[Data extract]
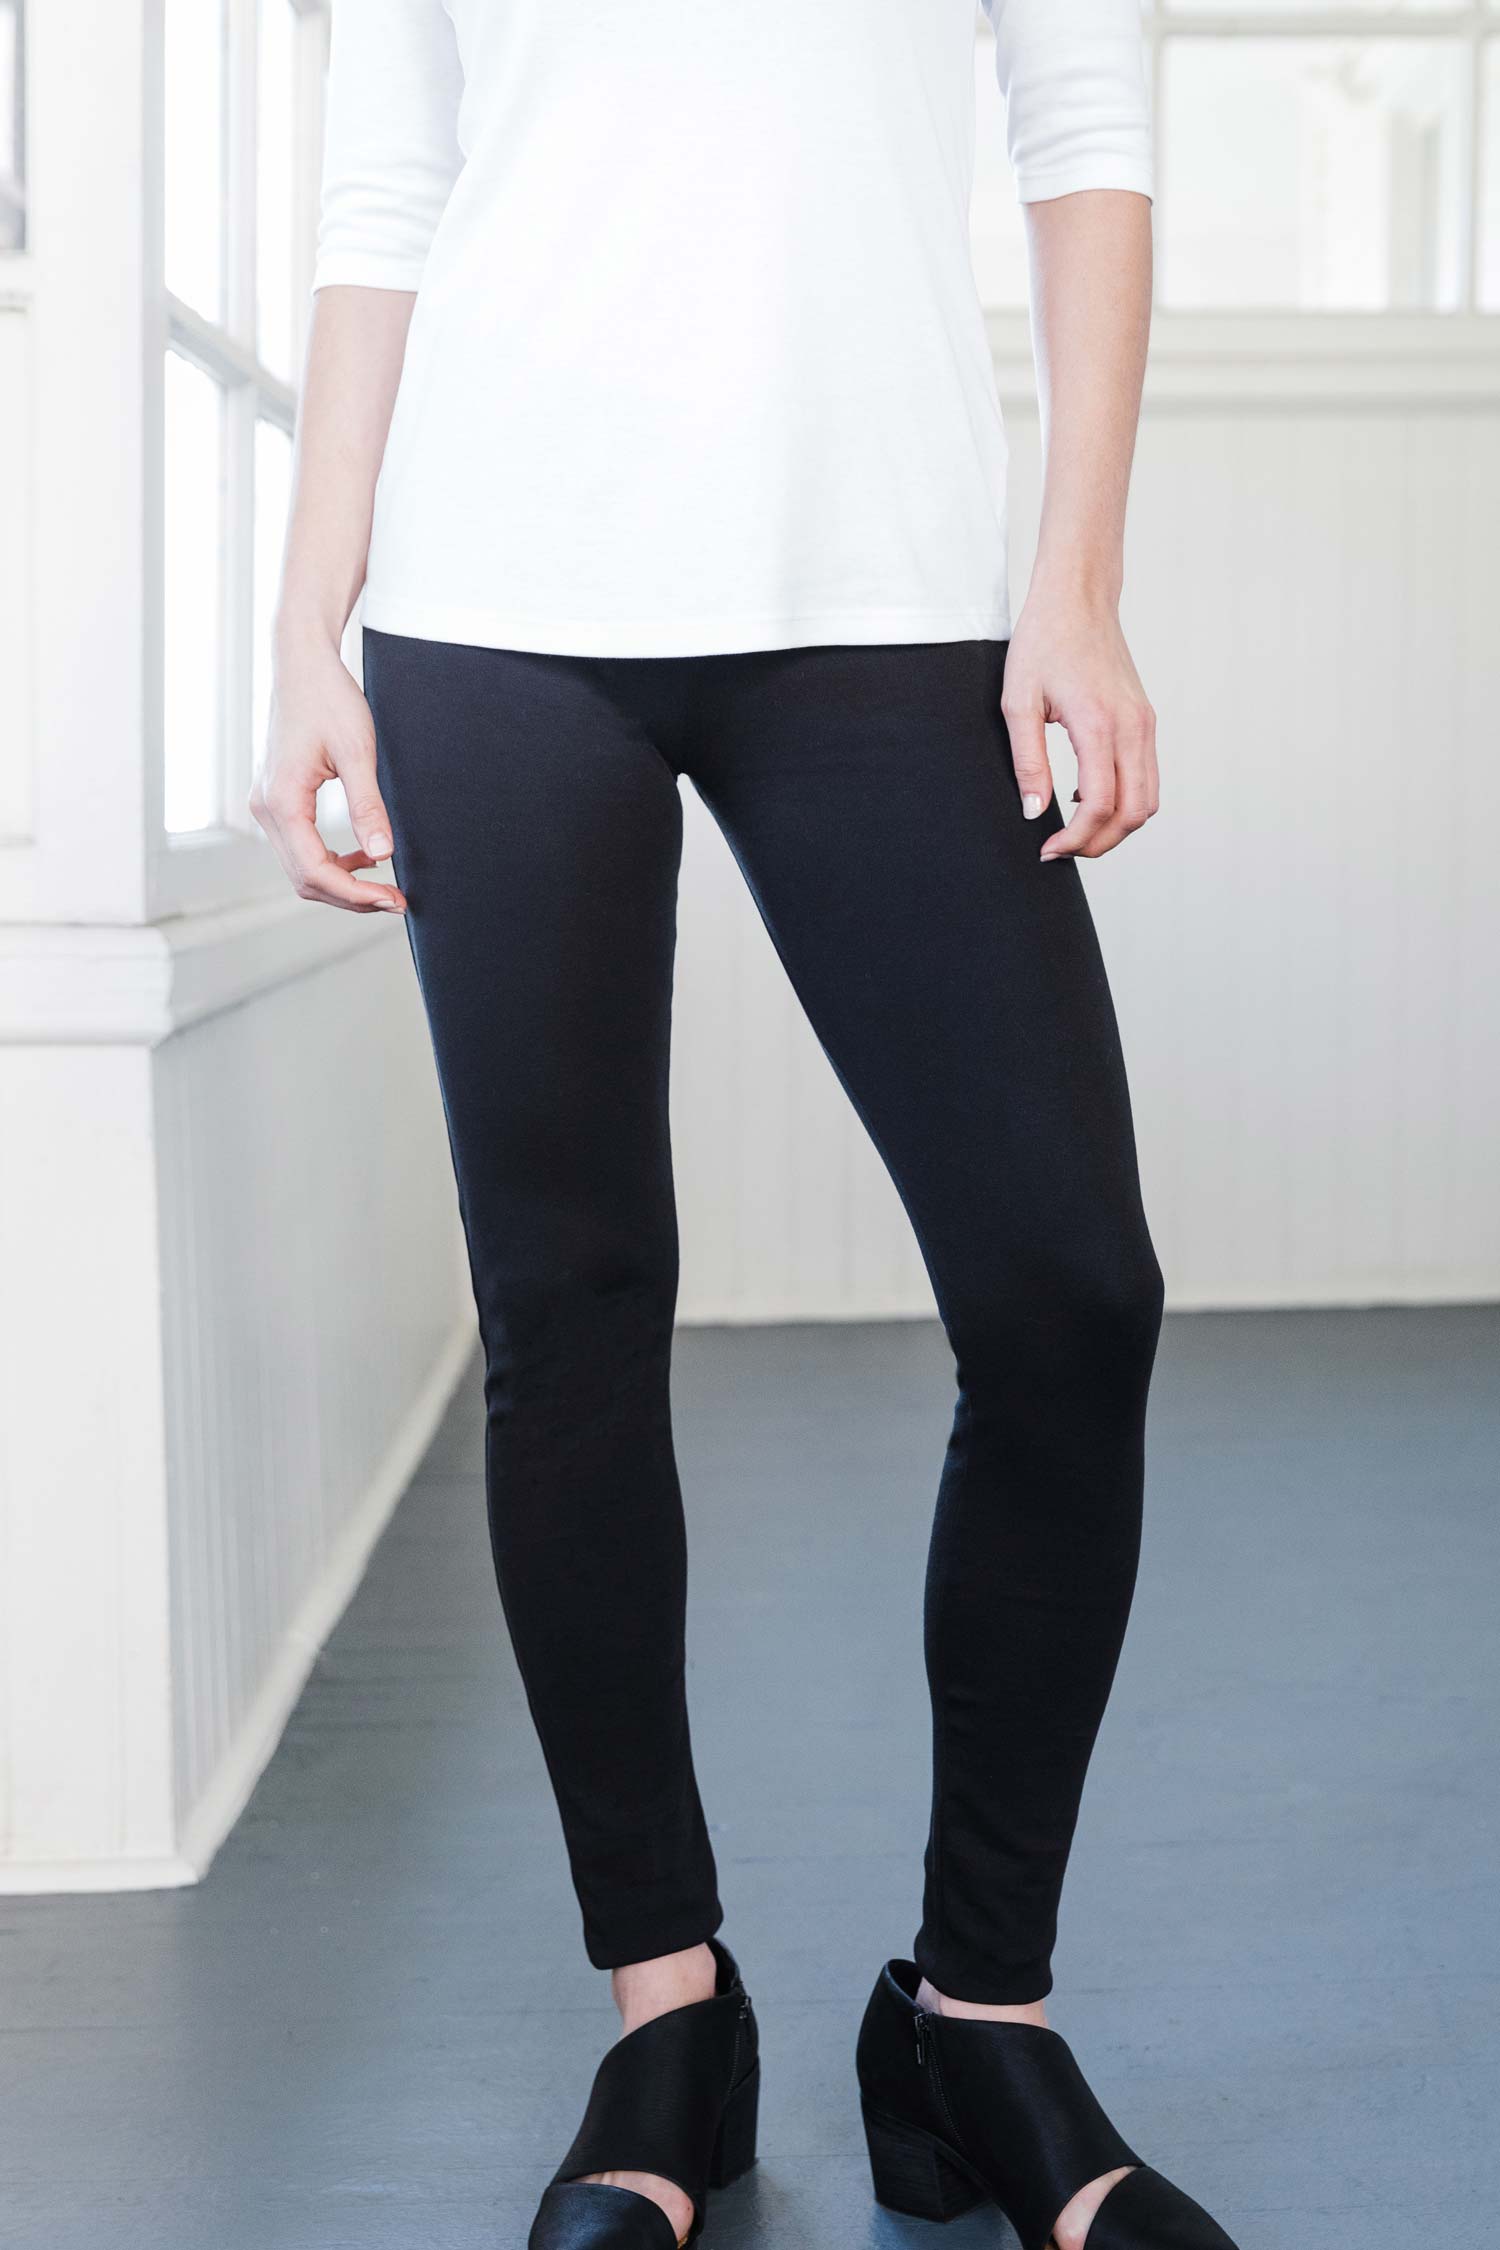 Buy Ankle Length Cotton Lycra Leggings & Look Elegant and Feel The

* * *

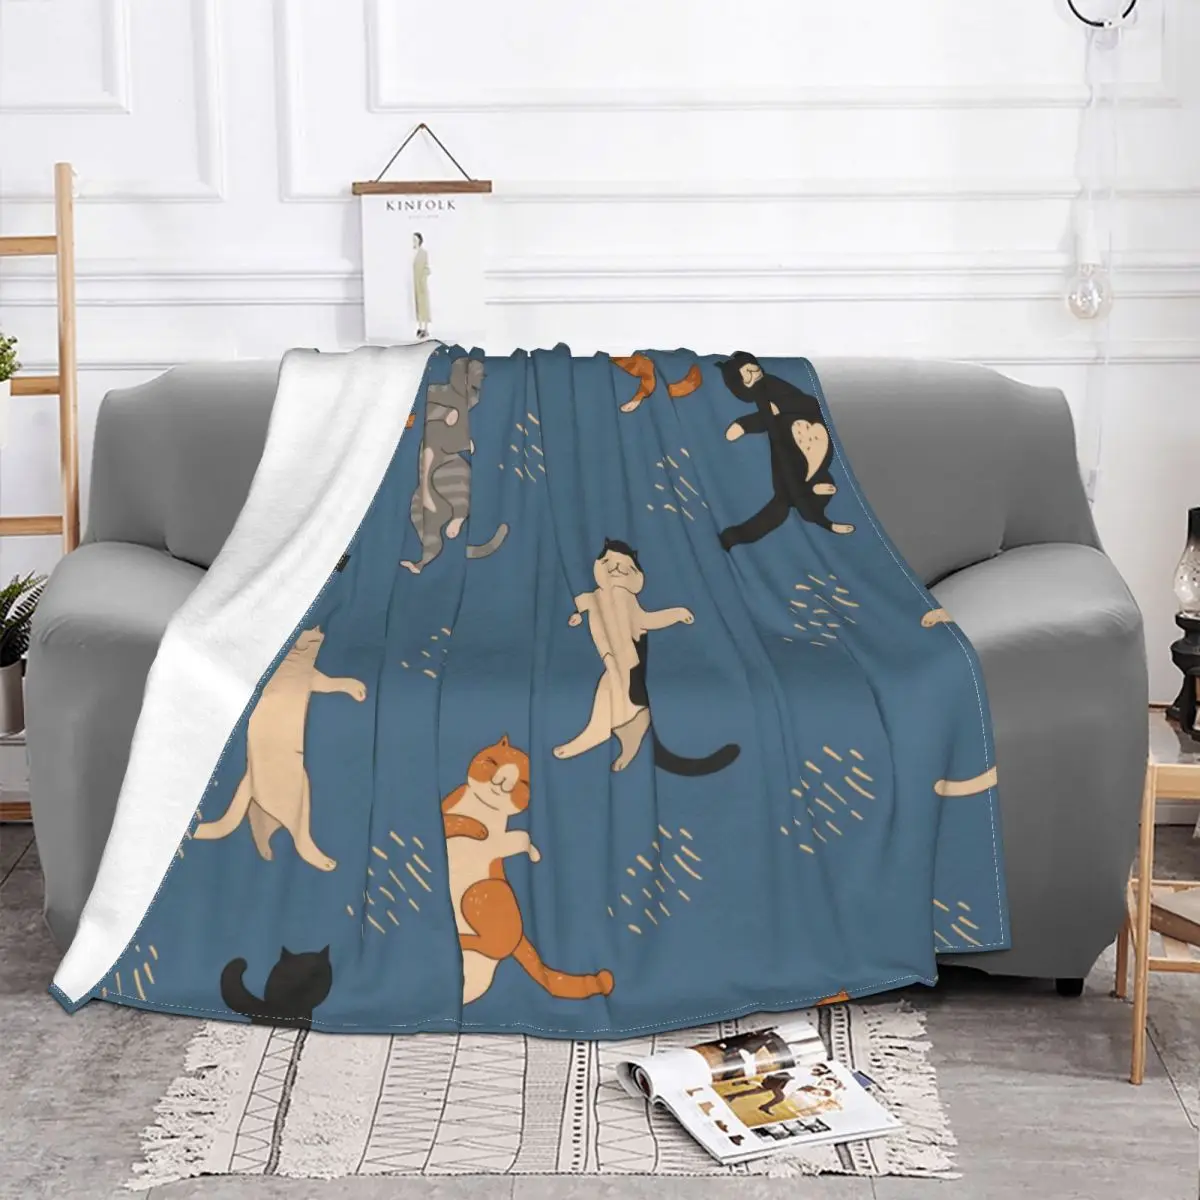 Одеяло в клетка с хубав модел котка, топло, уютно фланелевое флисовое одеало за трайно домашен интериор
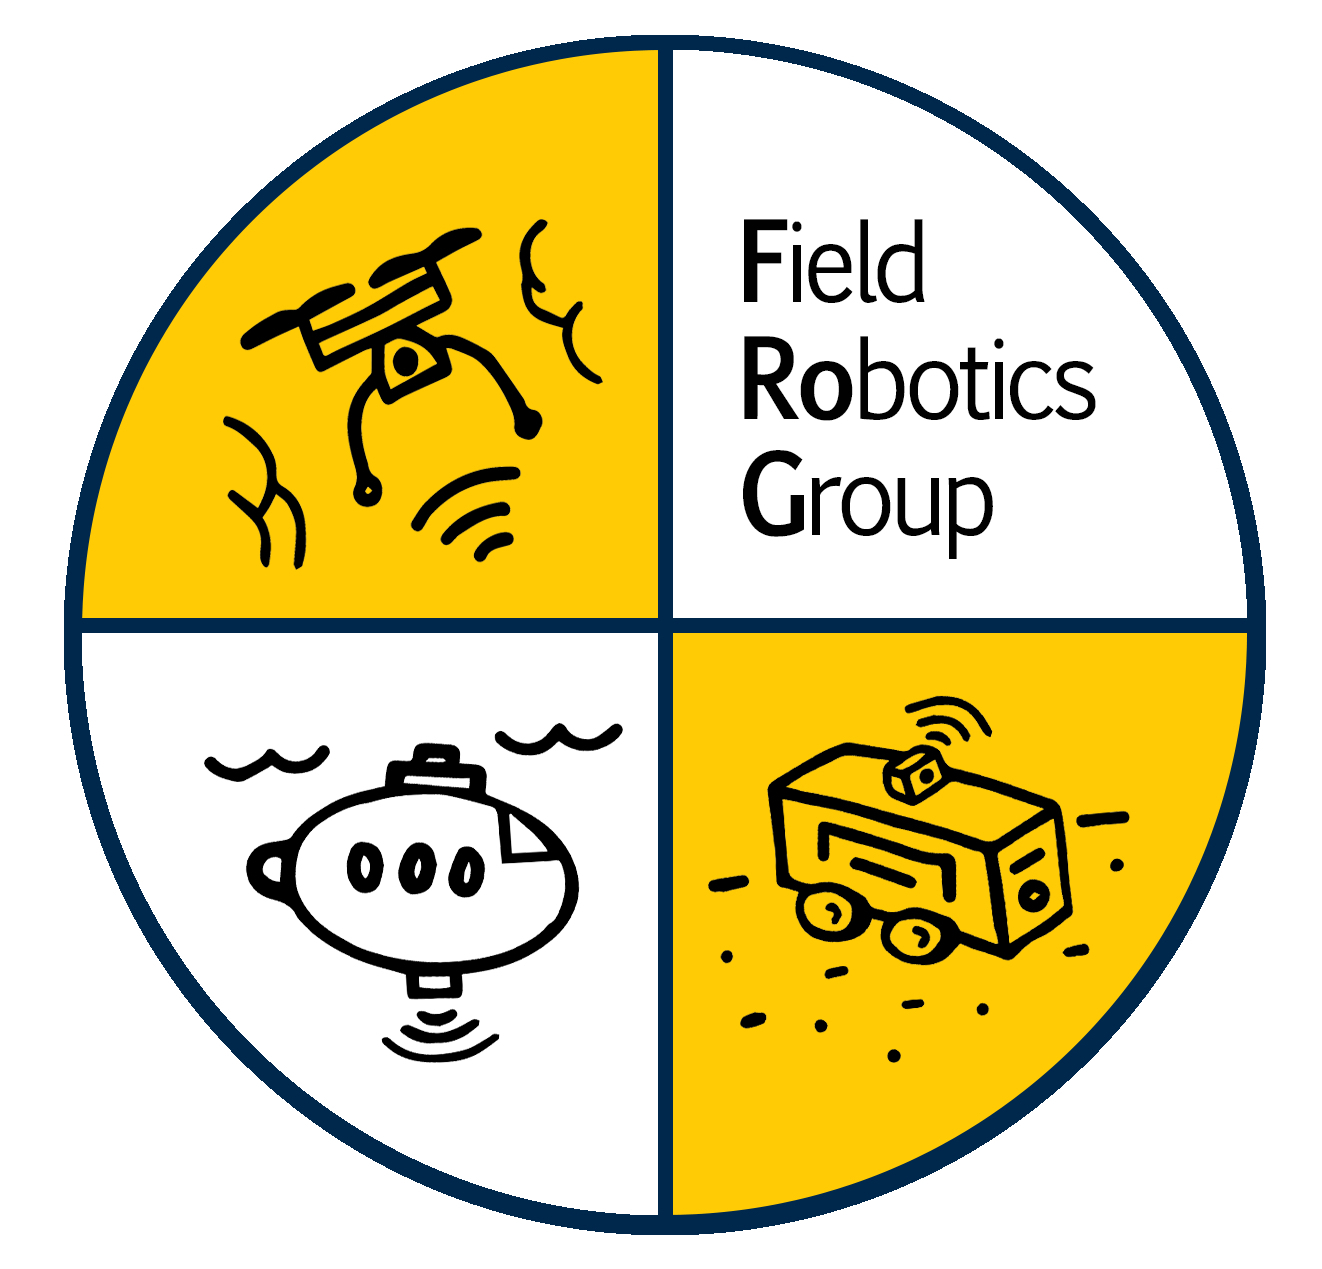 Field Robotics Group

[Activity] In the entries above, which lines run from the one with "Одеяло в клетка" up to and including the one with "Field Robotics Group"? Write them out exactly, without the pictures.

[Final answer]
 Одеяло в клетка с хубав модел котка, топло, уютно фланелевое флисовое одеало за трайно домашен интериор
 Field Robotics Group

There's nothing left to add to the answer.